Safeway Warns Seattle: New Employment Tax Could Turn Neighborhoods Into Food Deserts

Tuesday, May 1, 2018
By Paul Martin

by Tyler Durden
ZeroHedge.com
Mon, 04/30/2018

A new employment tax proposed by the Seattle City Council would charge roughly $500 per employee based in the city. And though it would only apply to the city’s largest companies, many of them are complaining to the press – some with good reason – about how the tax would discourage employment and ultimately damage the city’s economy.

The tax would only apply to businesses earning $20 million in revenue within the city limits – a group that includes roughly 585 companies, about 3% of the total number operating in the city, according to CNNMoney.

Businesses would be required to pay 26 cents per man hour per employee worked within the city limits, excluding vacation pay and sick time.

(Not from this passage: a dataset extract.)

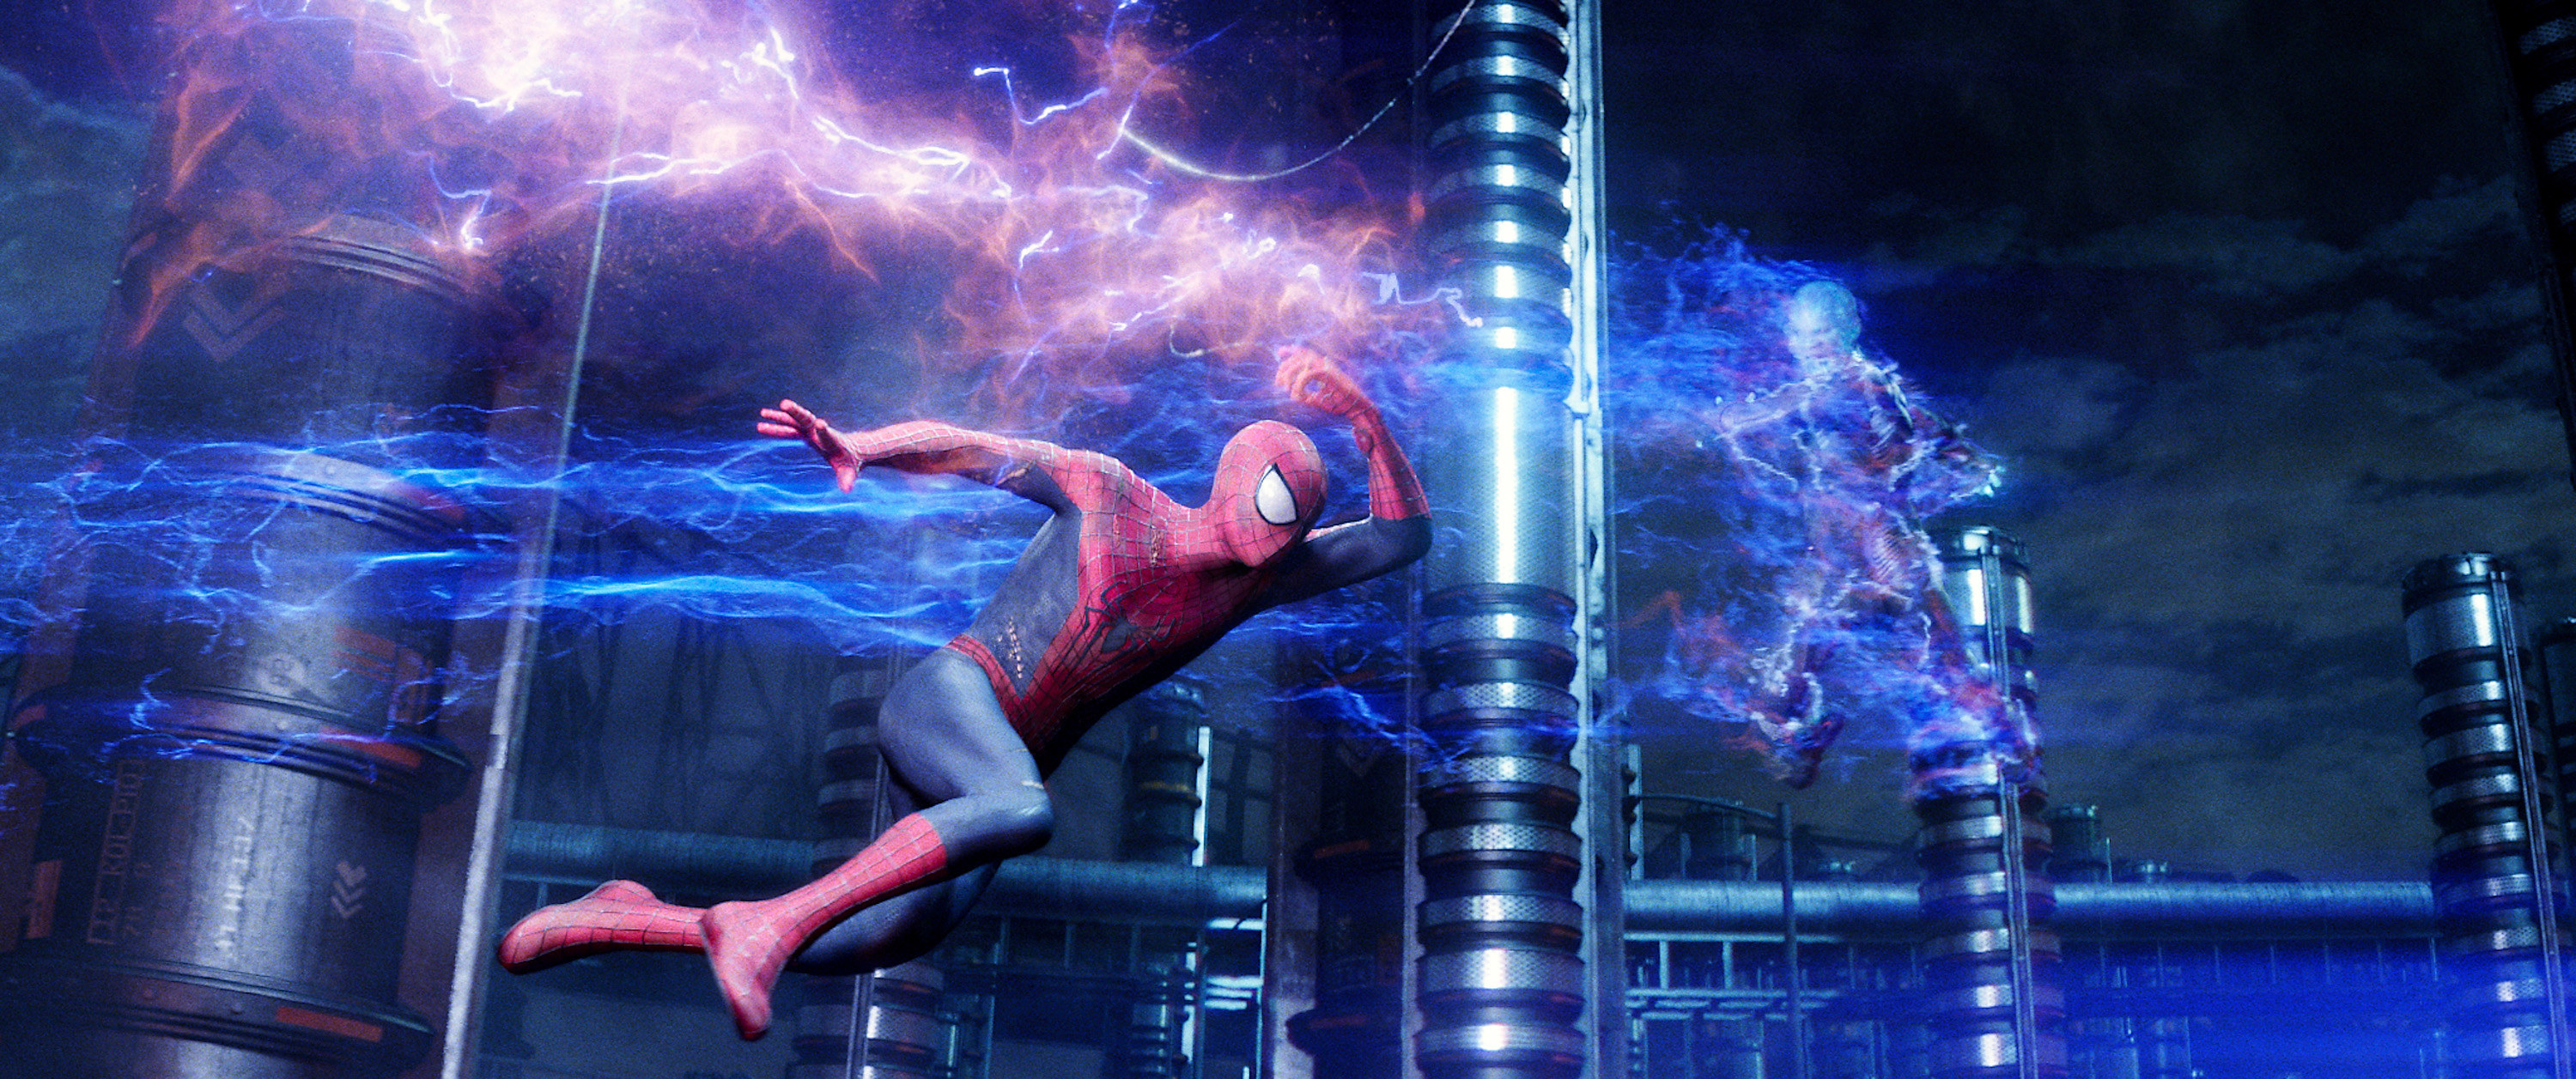 Spider-Man outrunning Electro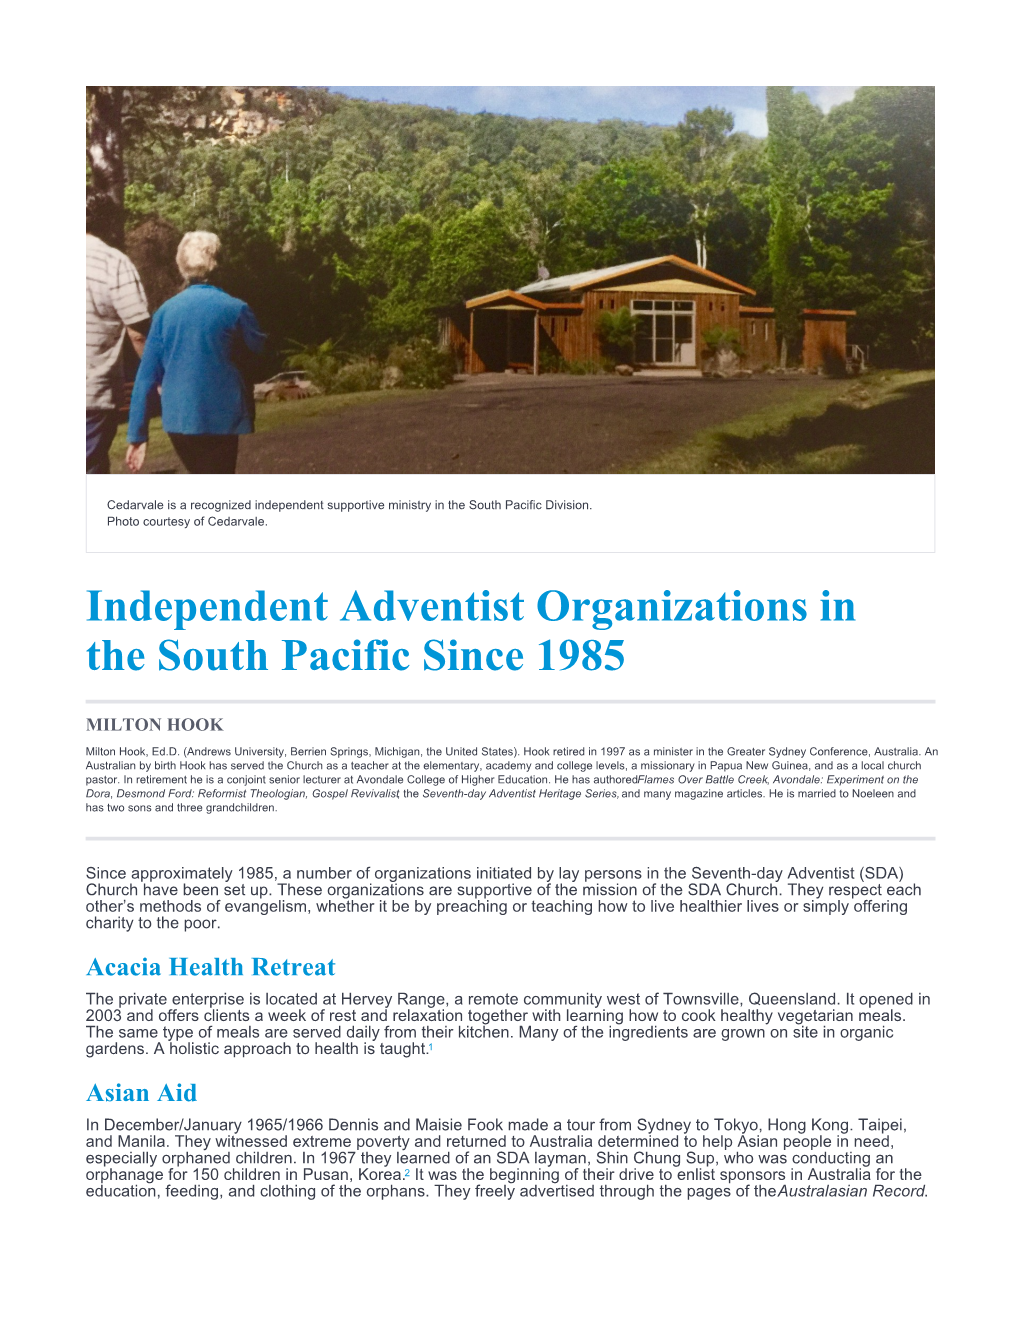 Independent Adventist Organizations in the South Pacific Since 1985

To what we imagine would be the delight of the Trump administration, Amazon would bear the brunt of the new tax. The e-commerce giant would be forced to contribute some $20 million annually on behalf of its nearly 45,000 employees in Seattle. Of course, Amazon will have a difficult time arguing that it can’t afford the tax after it smashed expectations in its latest quarterly earnings report. And with the city facing an unemployment rate of 3.8%, even lower than the nationwide rate of 4.1%.

The city says it would use the money to build affordable housing and also provide emergency shelter services to at-risk and homeless individuals.

But Amazon told CNNMoney that it has a better plan to help the homeless.

Amazon, which declined to comment on the proposal, notes that it already contributes economically in many ways to Seattle. For example, it will provide a permanent location for a shelter in one of its new office buildings by 2020. It would be run by the nonprofit Mary’s Place, which already had temporary use of two vacant Amazon buildings to shelter the homeless since 2016.

Starbucks did not respond to a request for comment.

Prosperous big businesses can in turn generate a lot of economic activity and revenue for their host city. And they may donate goods, services or money to critical social causes.

But the co-sponsors of the bill note that a major cause of homelessness is the higher cost of housing that results when more workers move to a city for jobs that pay more than long-time residents have been earning. And the demand to build affordable housing doesn’t keep pace.